Выбрать главу

Господи, зачем я на это подписалась.

Ладонь чем-то напоминала Тони, только с более длинными пальцами и холоднее. Интересно, кому нужно помолиться, чтобы он… держал себя в узде? Готова почитать Аллаха, Ра и поклоняться языческим тотемам. Только соблюдай дистанцию, ради всего святого.

Под подошвой сапог мягко пружинил мох, сменившийся твердостью. Грубый серый камень на разных ярусах покрывала желтоватая и зеленоватая растительность. Мы вышли к обрыву.

Перед глазами бушевало море, с шипением ударялось волнами об одинокие скалистые островки, невеликие по размеру, разбросанные, подобно игральным кубикам на покерном столе, а серое небо растворялось в тумане. Олдрич больше не держал моей руки; я осторожно наклонилась вперед, оставаясь, однако, в паре добрых шагов от края земли.

Темная вода и пенистые блики. Наверняка немыслимо холодная. Волны тревожно плескались, набегая на острые выступы.

— Это невероятно, — осознание, что я с чистым восторгом улыбалась, настигло, когда скулы начали болеть. Хотелось достать телефон и начать фотографировать все вокруг, но риск предстать в глазах Киллиана легкомысленной, глупой «типичной девушкой» сковывал руки. В моменты, сродни этому, я особенно жалела о неимении профессионального фотоаппарата. Или полароида — есть особенный романтический шарм в этих маленьких моментальных снимках с привкусом шестидесятых.

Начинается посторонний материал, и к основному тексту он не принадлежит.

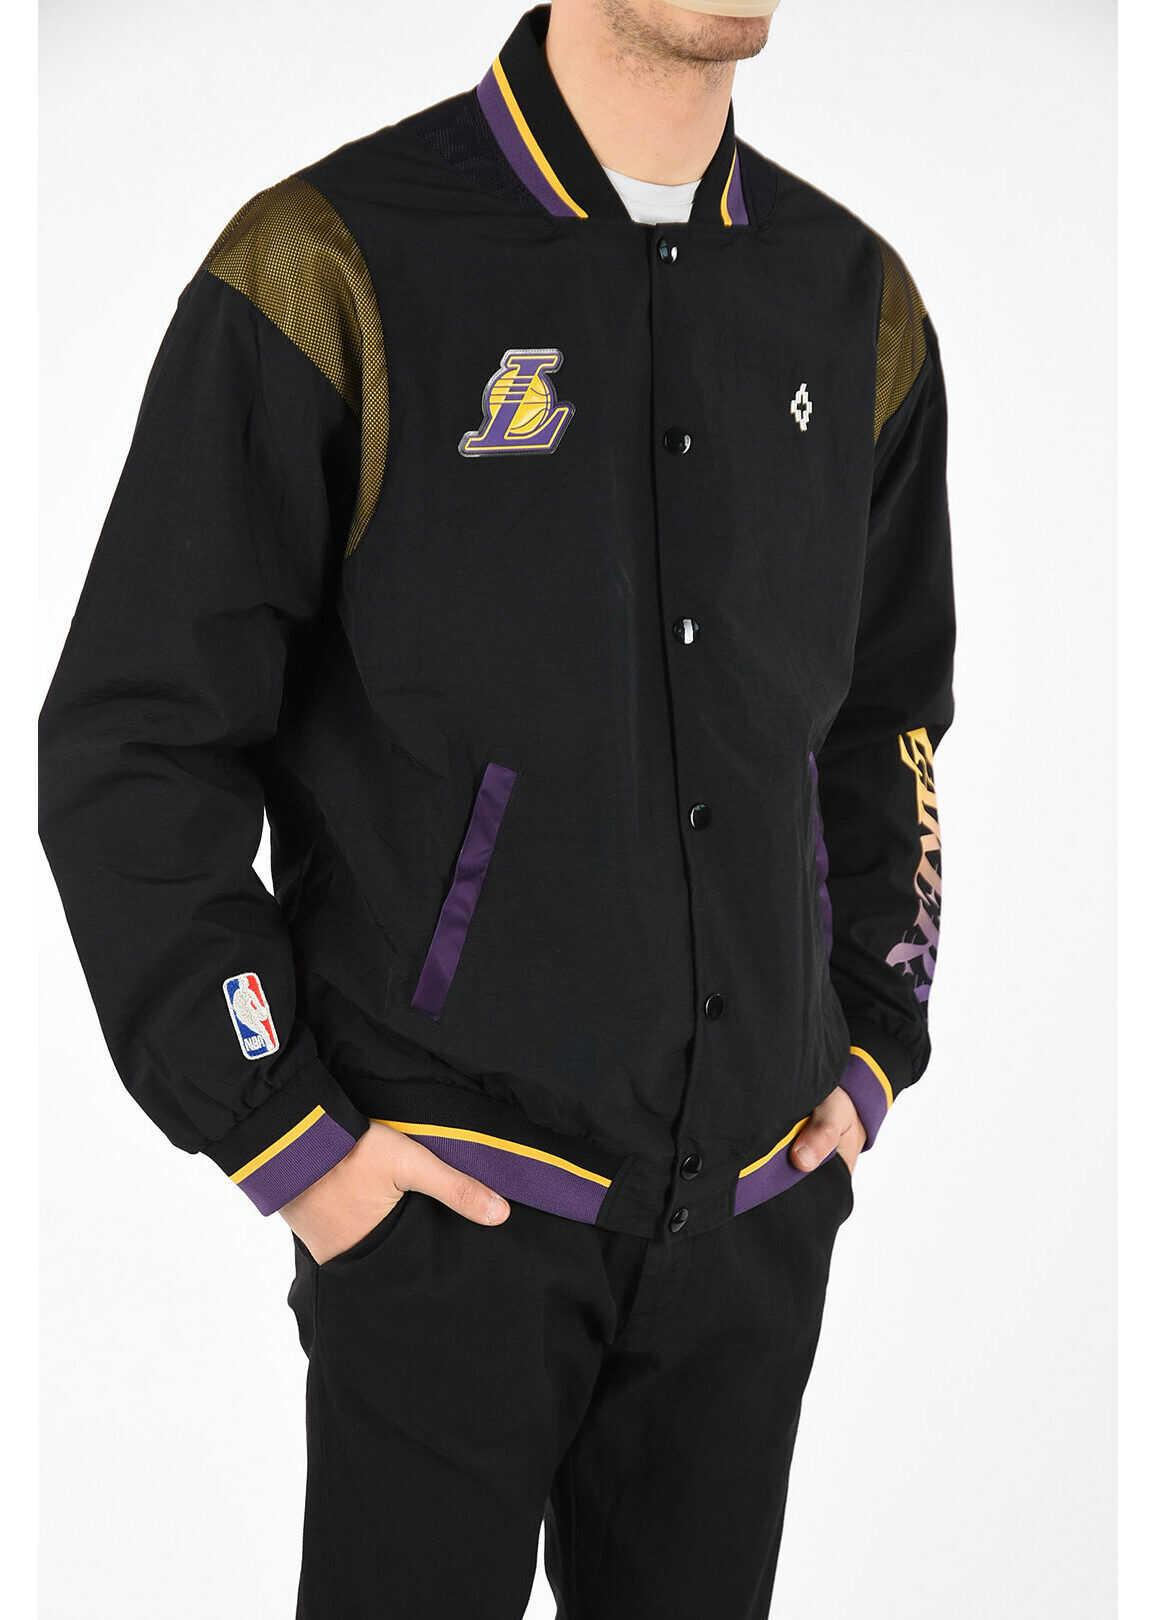 Marcelo Burlon NBA Snap Button LA LAKERS Varsity Jacket BLACK
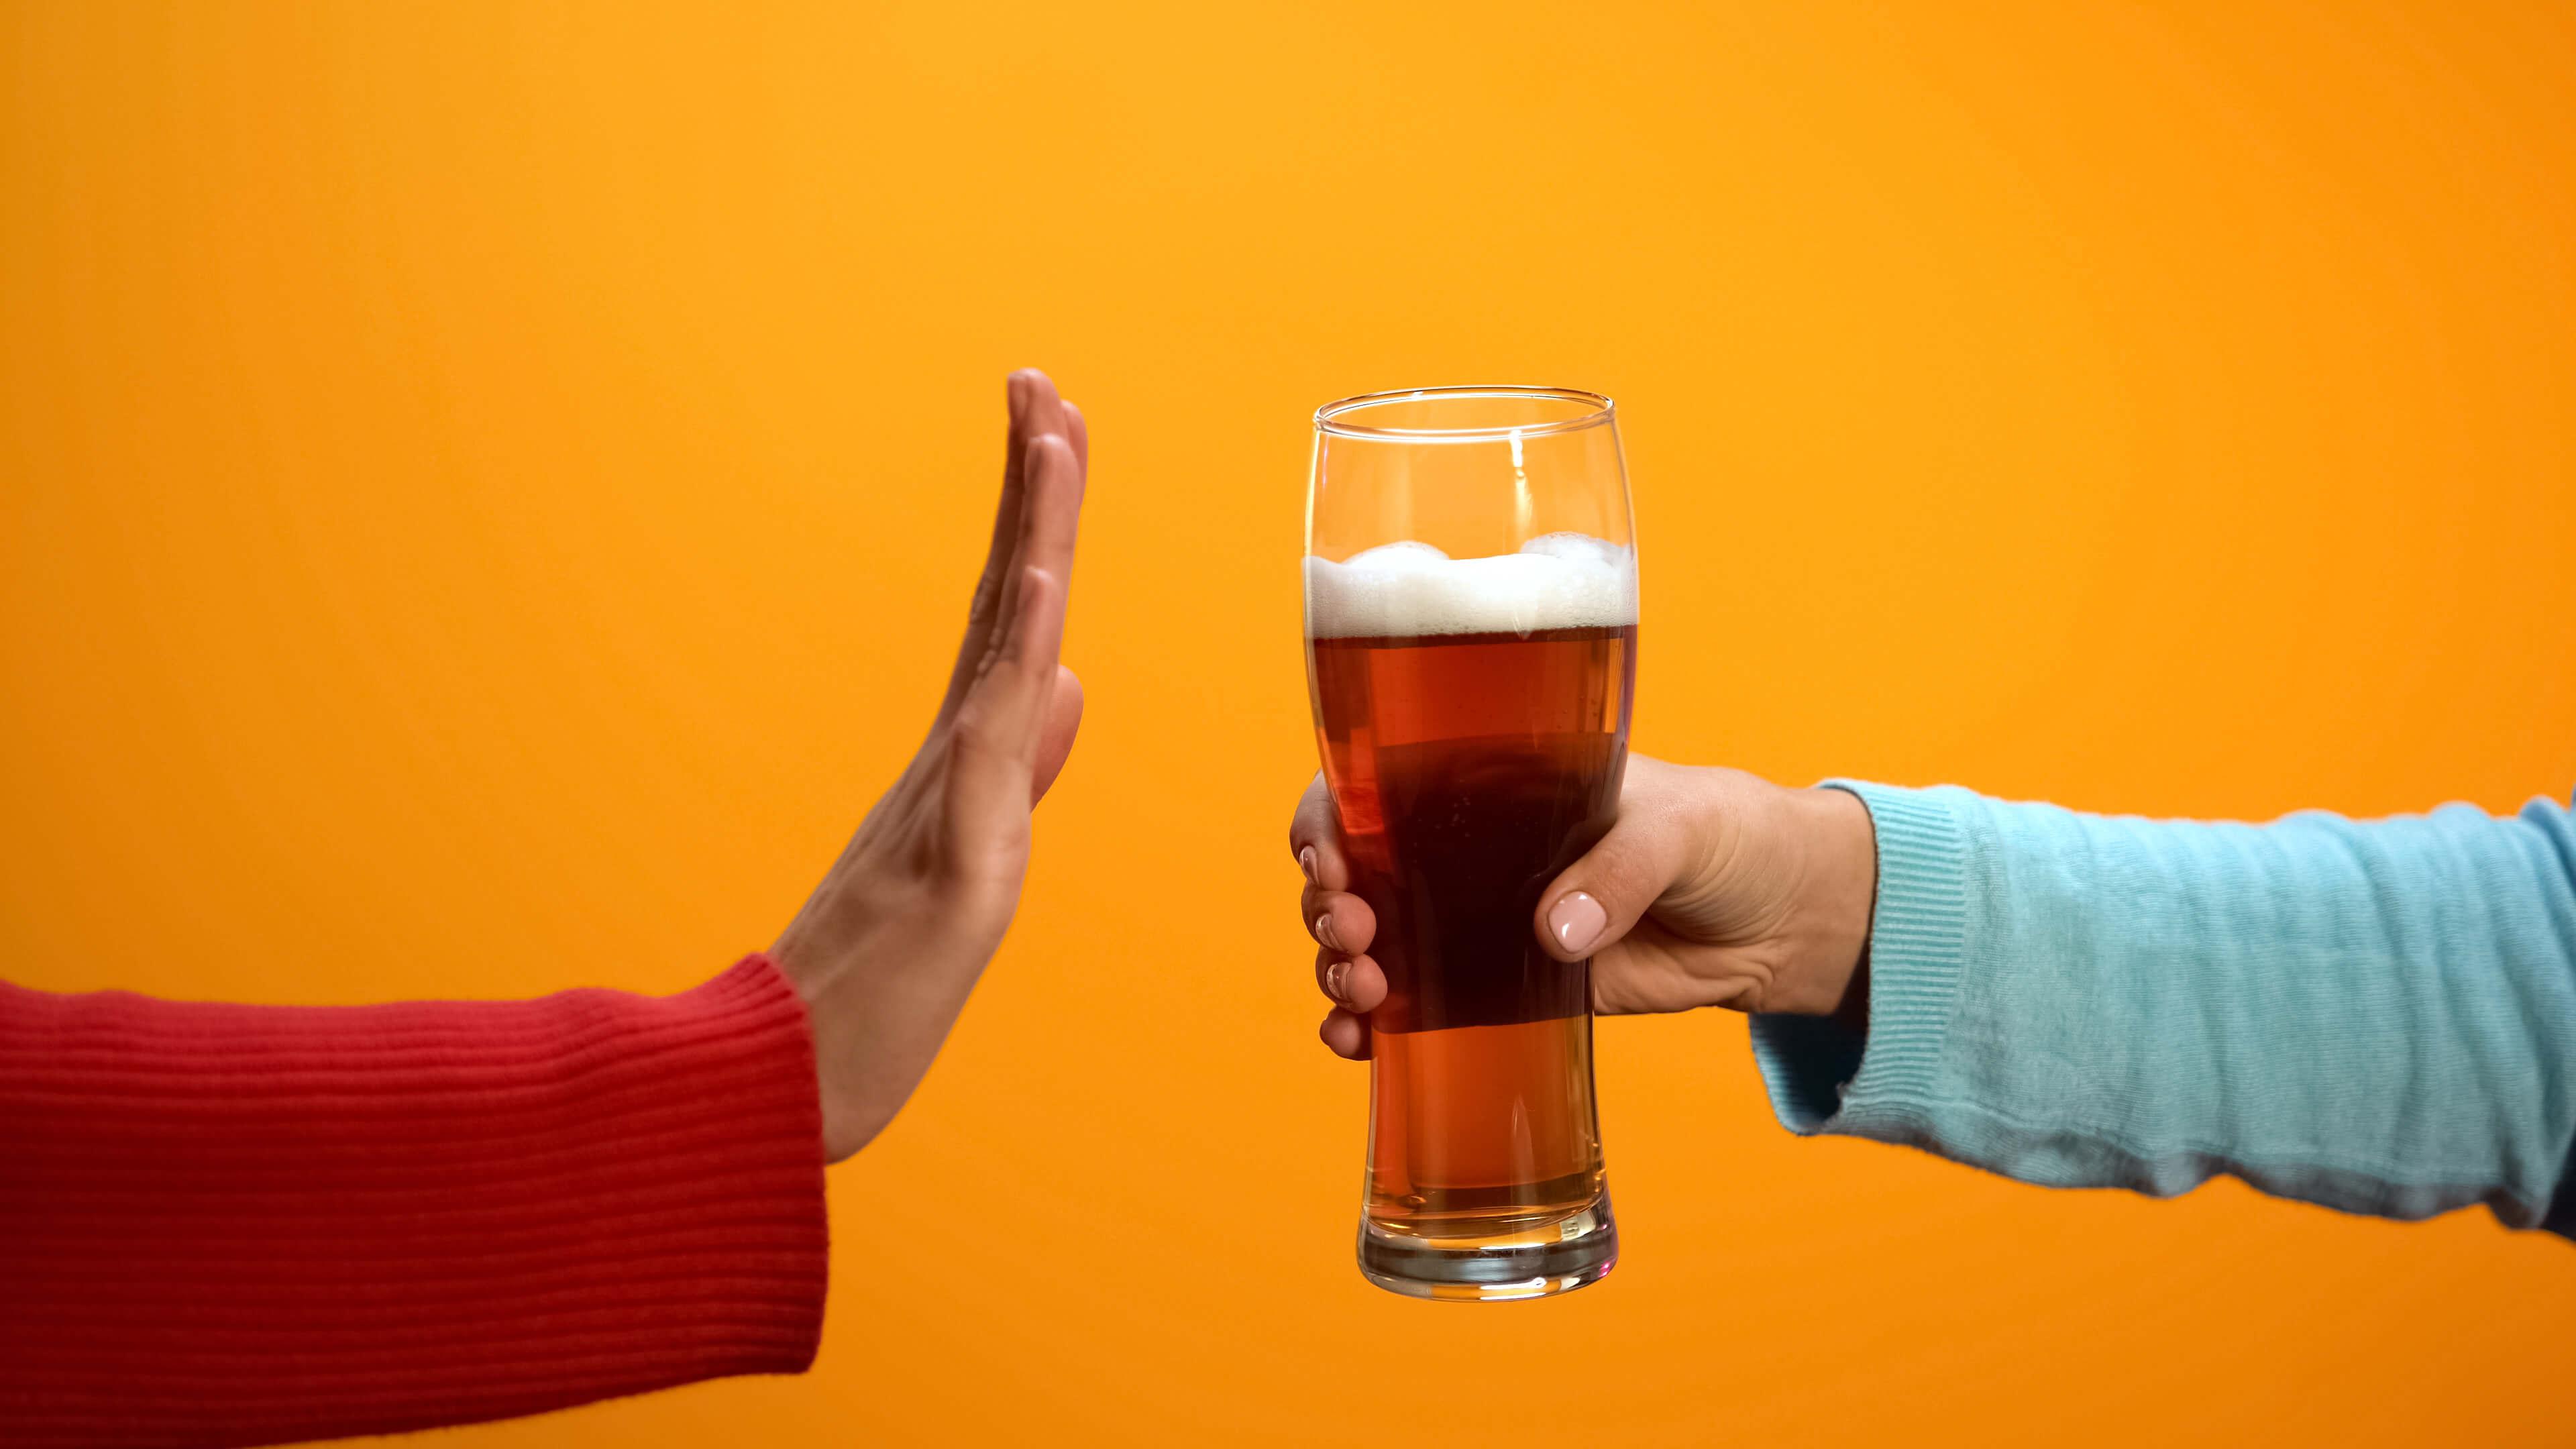 Abandonner l'alcool

— Туман немного все портит, а так здесь и правда недурно, — он стоял чуть поодаль, спрятав руки в карманах.

— Как в кино, — я осматривала кривую ель, росшую прямо на краю утеса.

— Почти, — с ироничным смешком.

Вдалеке проглядывалась цепь гор с мерцающими белыми шапками снега. Скоро и в городе пахнет первыми ветрами зимы.

Оторваться от развернувшегося пейзажа было тяжело, однако вынуждать Олдрича ждать, пока я вдоволь проникнусь каждой ветвью, в планы не входило. К дороге мы направлялись подчеркнуто медлительно, и, если для него это значило нечто иное, то мне попросту не хотелось покидать скалу.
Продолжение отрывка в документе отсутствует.